Intra-tracheal administration of a naked plasmid expressing stromal derived factor-1 improves lung structure in rodents with experimental bronchopulmonary dysplasia.

BACKGROUND: Bronchopulmonary dysplasia (BPD) is characterized by alveolar simplification and disordered angiogenesis. Stromal derived factor-1 (SDF-1) is a chemokine which modulates cell migration, proliferation, and angiogenesis. Here we tested the hypothesis that intra-tracheal (IT) administration of a naked plasmid DNA expressing SDF-1 would attenuate neonatal hyperoxia-induced lung injury in an experimental model of BPD, by promoting angiogenesis. DESIGN/METHODS: Newborn Sprague-Dawley rat pups (n = 18-20/group) exposed to room air (RA) or hyperoxia (85% O2) from postnatal day (P) 1 to 14 were randomly assigned to receive IT a naked plasmid expressing SDF-1, JVS-100 (Juventas Therapeutics, Cleveland, Ohio) or placebo (PL) on P3. Lung alveolarization, angiogenesis, inflammation, vascular remodeling and pulmonary hypertension (PH) were assessed on P14. PH was determined by measuring right ventricular systolic pressure (RVSP) and the weight ratio of the right to left ventricle + septum (RV/LV + S). Capillary tube formation in SDF-1 treated hyperoxia-exposed human pulmonary microvascular endothelial cells (HPMEC) was determined by matrigel assay. Data is expressed as mean ± SD and analyzed by two-way ANOVA. RESULTS: Exposure of neonatal pups to 14 days of hyperoxia decreased lung SDF-1 gene expression. Moreover, whilst hyperoxia exposure inhibited capillary tube formation in HPMEC, SDF-1 treatment increased tube length and branching in HPMEC. PL-treated hyperoxia-exposed pups had decreased alveolarization and lung vascular density. This was accompanied by an increase in RVSP, RV/LV + S, pulmonary vascular remodeling and inflammation. In contrast, IT JVS-100 improved lung structure, reduced inflammation, PH and vascular remodeling. CONCLUSIONS: Intratracheal administration of a naked plasmid expressing SDF-1 improves alveolar and vascular structure in an experimental model of BPD. These findings suggest that therapies which modulate lung SDF-1 expression may have beneficial effects in preterm infants with BPD.

TNFα-stimulated protein 6 (TSG-6) reduces lung inflammation in an experimental model of bronchopulmonary dysplasia.

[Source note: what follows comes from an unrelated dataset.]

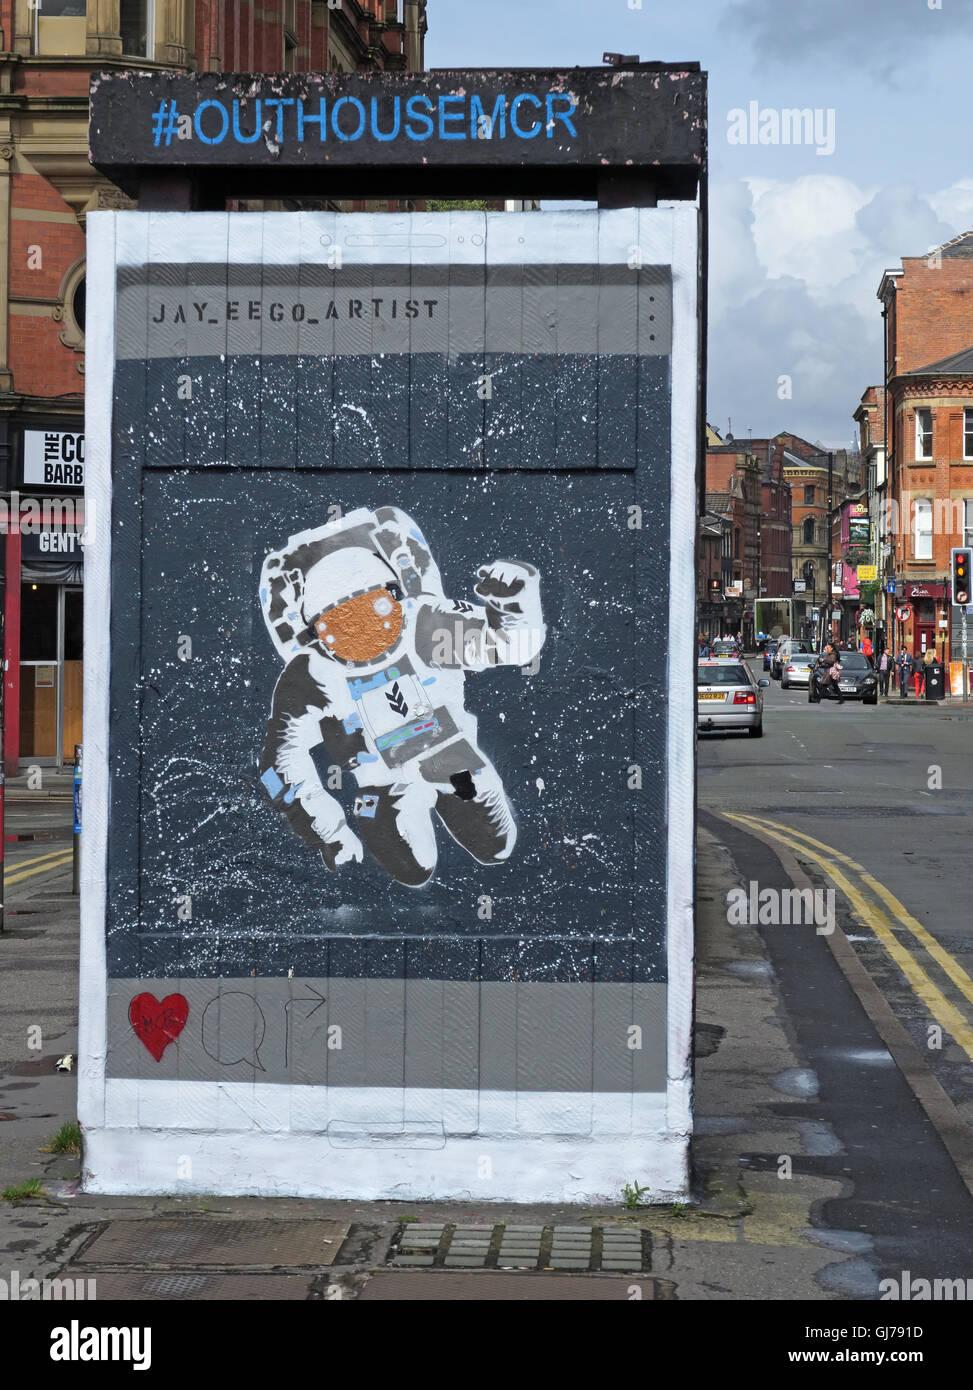 Laden Sie dieses Alamy Stockfoto Nördlichen Viertel Kunst in Stevenson Platz Manchester, UK - Wand Graffiti August2016 OUTHOUSEMCR - GJ791D

BACKGROUND: Inflammation is a key factor in the pathogenesis of bronchopulmonary dysplasia (BPD). Tumor necrosis factor-stimulated protein 6 (TSG-6) is a glycoprotein that modulates inflammation. Here we tested the hypothesis that intra-tracheal (IT) administration of an adenovirus overexpressing TSG-6 (AdTSG-6) would decrease inflammation and restore lung structure in experimental BPD. METHODS: Newborn Sprague-Dawley rats exposed to normoxia (RA) or hyperoxia (85% O2) from postnatal day (P) 1-P14 were randomly assigned to receive IT AdTSG-6 or placebo (PL) on P3. The effect of IT AdTSG-6 on lung inflammation, alveolarization, angiogenesis, apoptosis, pulmonary vascular remodeling, and pulmonary hypertension were evaluated on P14. Data were analyzed by two-way ANOVA. RESULTS: TSG-6 mRNA was significantly increased in pups who received IT AdTSG-6. Compared to RA, hyperoxia PL-treated pups had increased NF-kß activation and lung inflammation. In contrast, IT AdTSG-6 hyperoxia-treated pups had decreased lung phosphorylated NF-kß expression and markers of inflammation. This was accompanied by an improvement in alveolarization, angiogenesis, pulmonary vascular remodeling, and pulmonary hypertension. CONCLUSIONS: IT AdTSG-6 decreases lung inflammation and improves lung structure in neonatal rats with experimental BPD. These findings suggest that therapies that increase lung TSG-6 expression may have beneficial effects in preterm infants with BPD.